I believe the best way to resolve the conflict which directly affects the peace and stability of India and Pakistan – the Kashmir conflict – is through listening to Mahatma Gandhi, the father of the nation of India who said on 29 July 1947 in Delhi,  “I am not going to suggest to the Maharaja (Ruler of Kashmir) to accede to India and not to Pakistan. The real sovereign of the state are the people. The ruler is a servant of the people. If he is not so then he is not the ruler. This is my firm belief, and that is why I became a rebel against the British – because the British claimed to be the rulers of India, and I refused to recognize them as such. In Kashmir too the power belongs to the public. Let them do as they want.”

That visionary Mahatma Gandhi made it easy for us to understand what the Kashmir conflict was all about when he said,  ‘Kashmir would belong to the Kashmiris.”

Now the time has come that India should reciprocate to the peace initiative of prime minister of Pakistan and initiate a serious and sincere peace negotiation with Pakistan along with the leadership of the people of Kashmir.
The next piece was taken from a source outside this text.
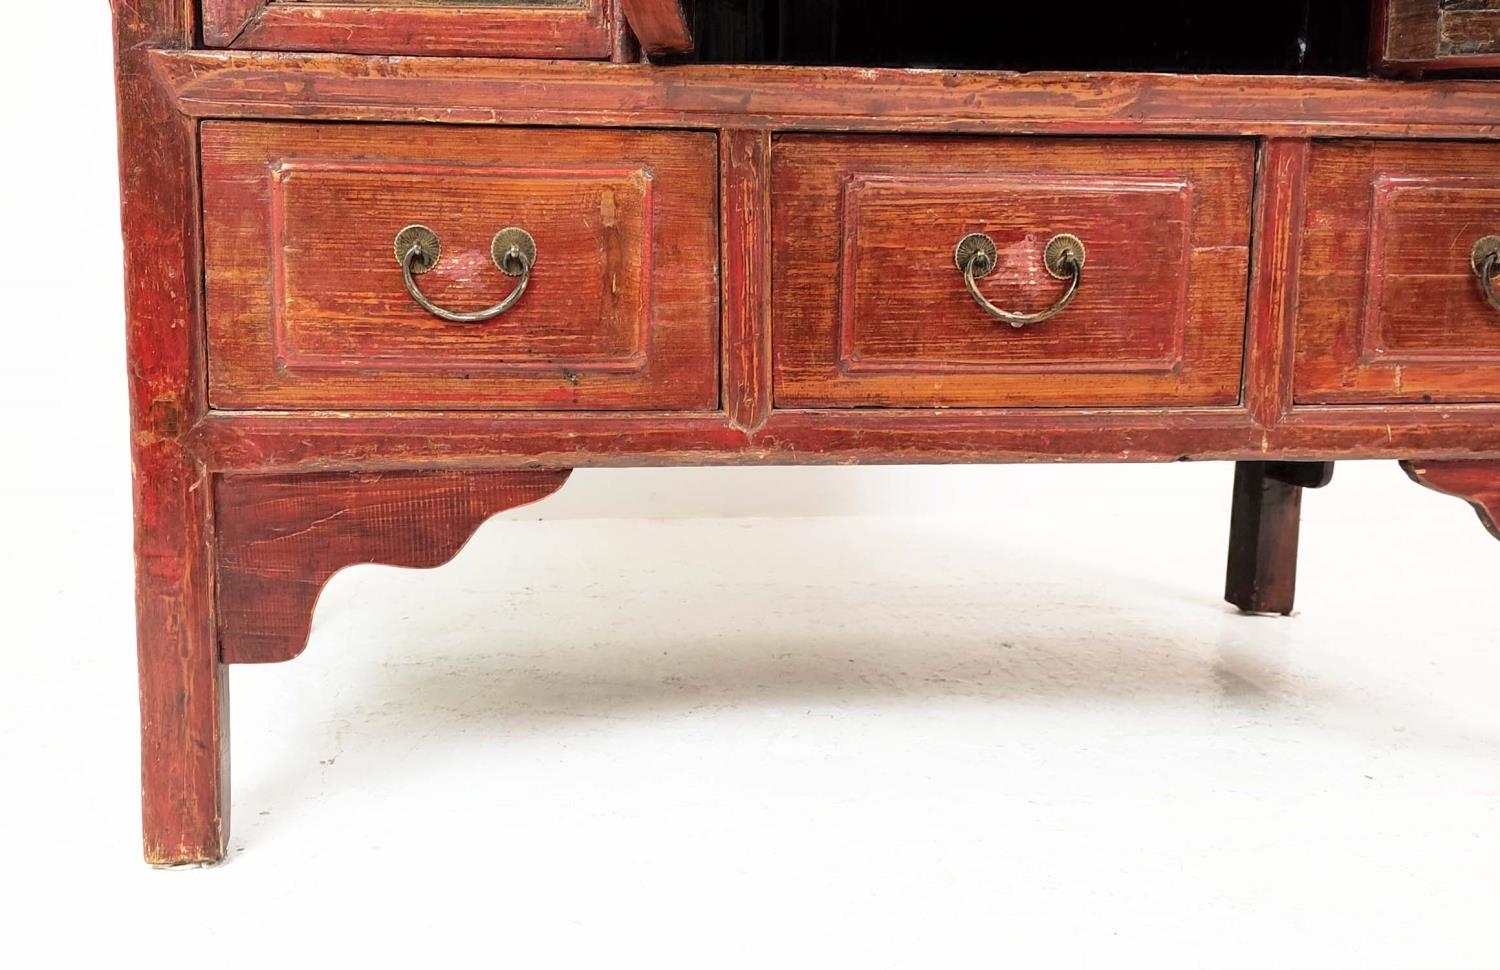 CHINESE WEDDING CABINET, in a decorative red lacquer finish depicting figural scenes and floral - Image 7 of 9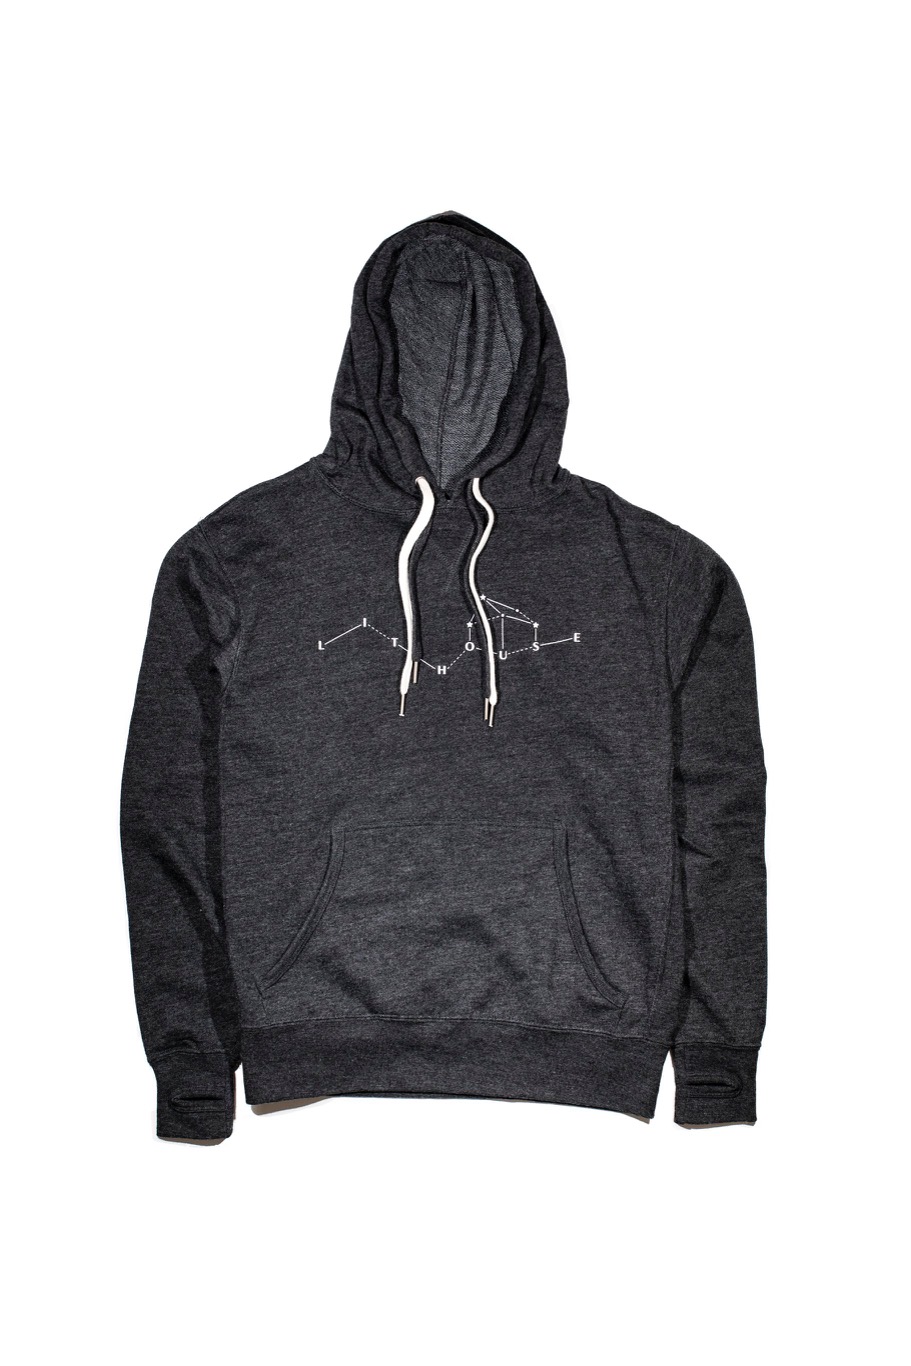 Unisex Pullover Hoodie — LitHouse

The refusal by India to sit down to the table with Pakistan or those who represent the Kashmiris indicate that India is not even close to addressing the realities of Kashmir and the will of the people.  This must change. Peace in the region would benefit not only those who are directly impacted by this conflict but India as well, whose economy is seriously drained by the maintenance of such a massive amount of troops in Kashmir, and the diversion it creates from other challenges it faces in raising the living standards of its population. Sounder minds must prevail.  More rational methods of dealing with differences must be sought. Repeating the same mistakes while expecting different results has long ago been found to be the path of failure. Sixty eight years should demonstrate a need for a change in policy, a policy that accepts the need for coming together in a process that accepts the right of all people to determine their own destiny.